Dina and Joan went to the attic.
Under the blinking attic light, Dina said, “I’m scared.”
“Pardon?”
“I’m afraid,” her voicebox filled the empty air. “I don’t want to be shifted into a new Dina. Why do you do it?”
“My girl.” Joan’s voice was tender with old smoke. “For new starts, new selves. No getting bogged down by the past. More chances to get things right.”
“Are they new chances for me, or you?”
“For us both.”
Dina evaluated. She could hear Beryl begin warming up, notes drifting from below. Joan was right, and she was wrong. She was selfish while trying to be selfless. And Dina could not begrudge her for these contradictions—because she wanted such contradictions for herself.
“I want to be burdened by the past, yet excited for the future. I want to get things wrong. I want to hurt.” I want to be human, she thought.
Joan took one of Dina’s hands in both of hers. “I don’t know all that would happen to you. All I know is—there is pain. Parts and wires deteriorate, but the core stays, and is wiped clean to remove those memories of the hurt. If we let the body slip, what if the heart goes with it?”
“Then it goes,” said Dina.
Joan looked now at the flickering lamplight. At her wall of photographs, at the mattress by the wall. Within the attic’s small windows were a smattering of stars. “Let me—let me think about it. In the meantime, enjoy tonight. It’s your celebration.”
Dina looked at her with lenses alight—lenses alive. She nodded and descended to the dance hall.
The hall was bathed in a hazy, colorless light. Though Dina did not have nerves as a human did, she could feel that there was warmth. People had entered and mingled. Marvey had set up a bar as a silent, steady watcher. He smiled at her. She tried to smile back, even though it pulled at the rivets of her mouth.
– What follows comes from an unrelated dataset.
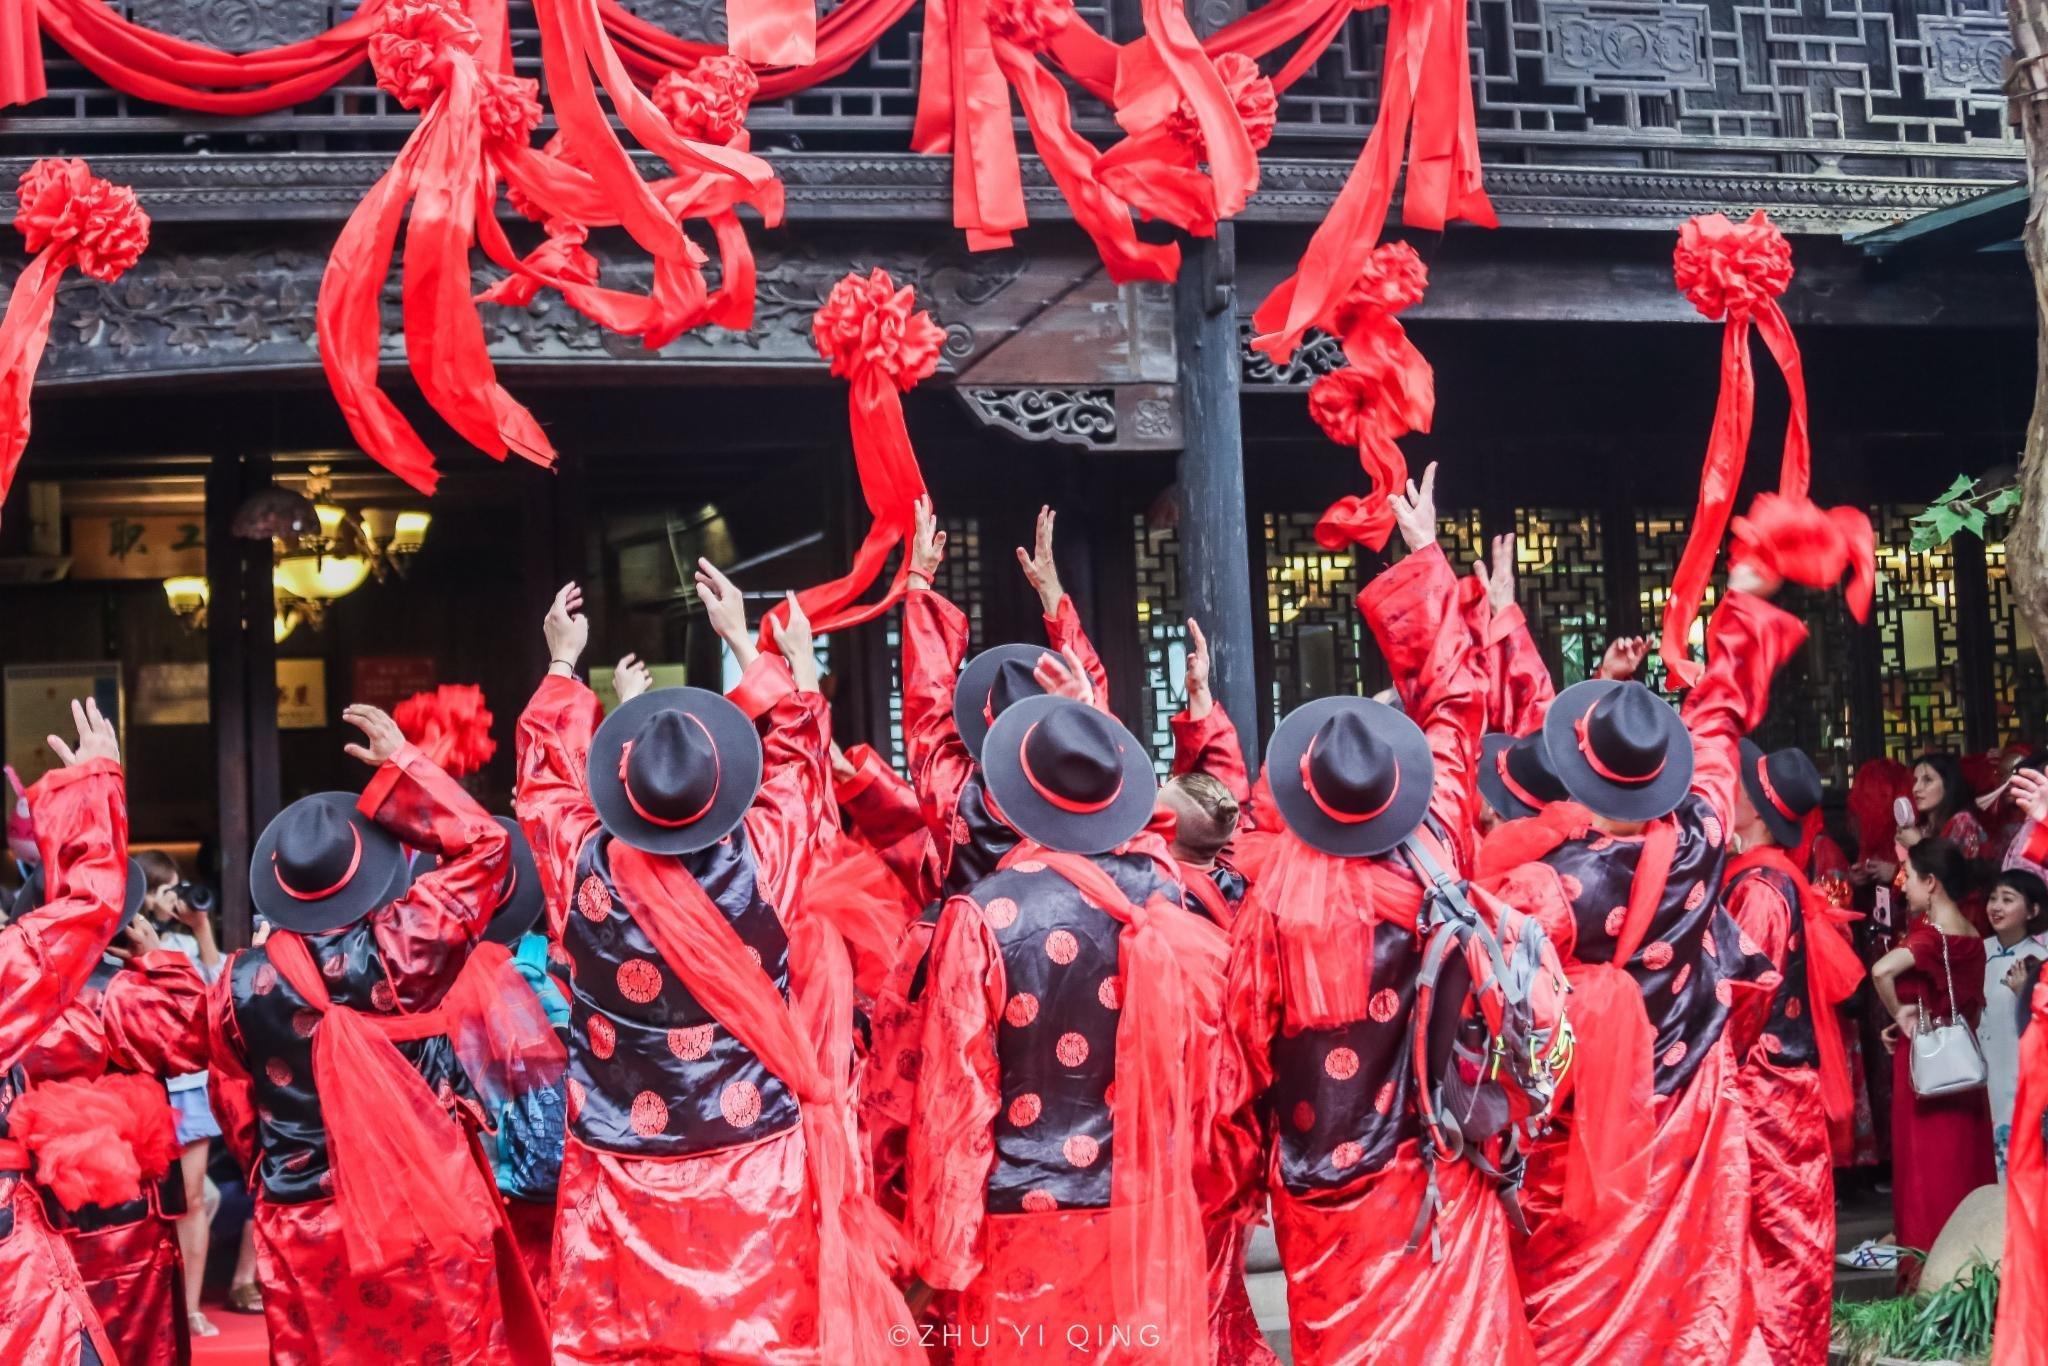 老外也爱中华文化,在南浔看25对外国人集体办中式水乡婚礼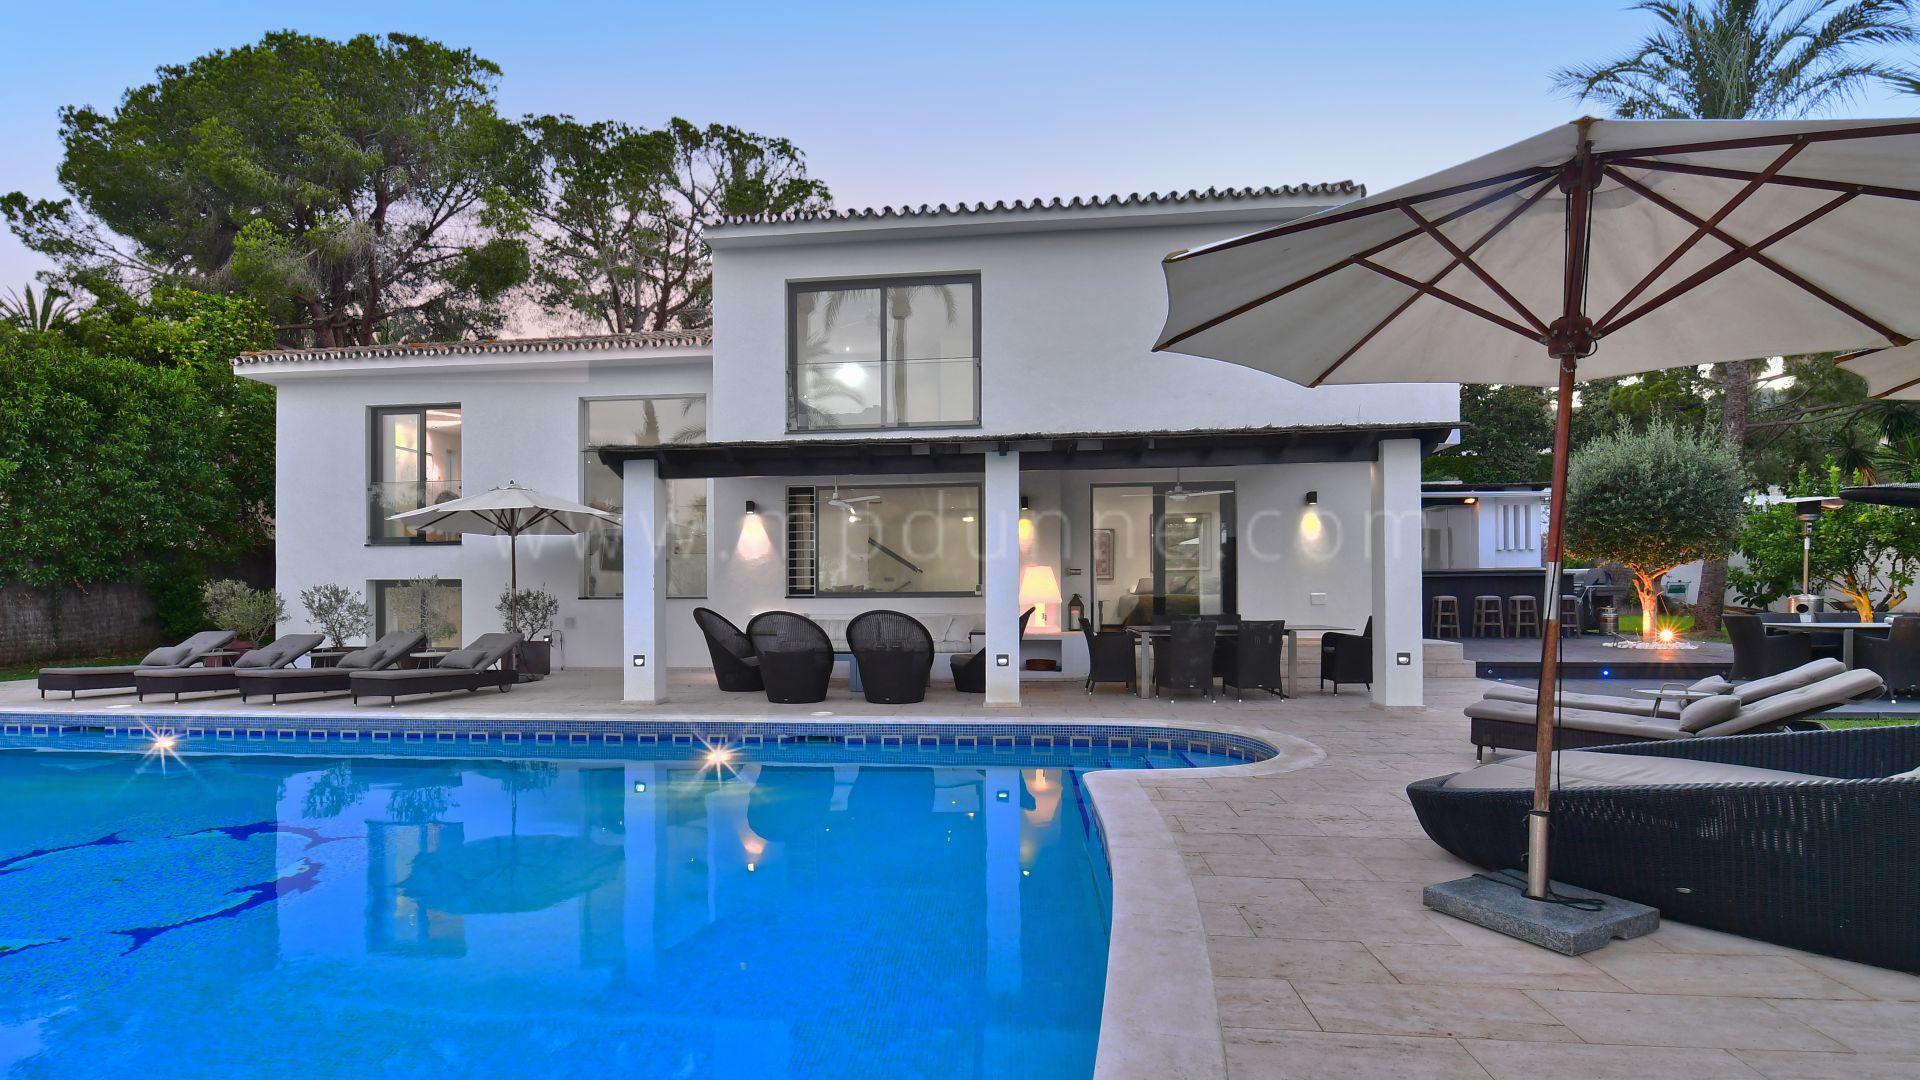 Nueva andaluc a 4 dormitorios villa en alquiler - La sala nueva andalucia ...

Beryl welcomed her and pulled her up to the stage. Together, they made harmonies for the night.
Dina sang. She sang for her maker’s hurting. For Marvey’s. For Beryl’s. For her own. For the aches in her voicebox and coalite core. For the fleeting feelings, those that awoke in her today. For the music itself, which would only be played this way, at this moment, and never this way again. For the sadness of a Sunday turning into a Monday that she may not live to see. For the hope of seeing it, anyway.
She sang, for it was human. It was painful, and it was beautiful.
I first drafted The Gone-Song under some pressure, as a final assignment for a spec-fic creative writing class. I wasn’t going through anything crazy—I was on vacation at Disney World, writing on my phone while waiting in line for rides or taking a sec to sit my tired limbs down. I was inspired by the image of an automaton breaking down (not at Disney World, they wouldn’t allow something so vulnerable), feeling a similar pain humans feel as they age. Bones weather, a voicebox breaks down.
But more overarchingly, The Gone-Song was written during the explosion of generative AI technologies. As an artist, I’m quite staunchly anti-AI, for a number of reasons—most pressingly, for how I believe it bypasses what makes art, art. Art is messiness, fallibility, imperfection, intention: humanity, on display.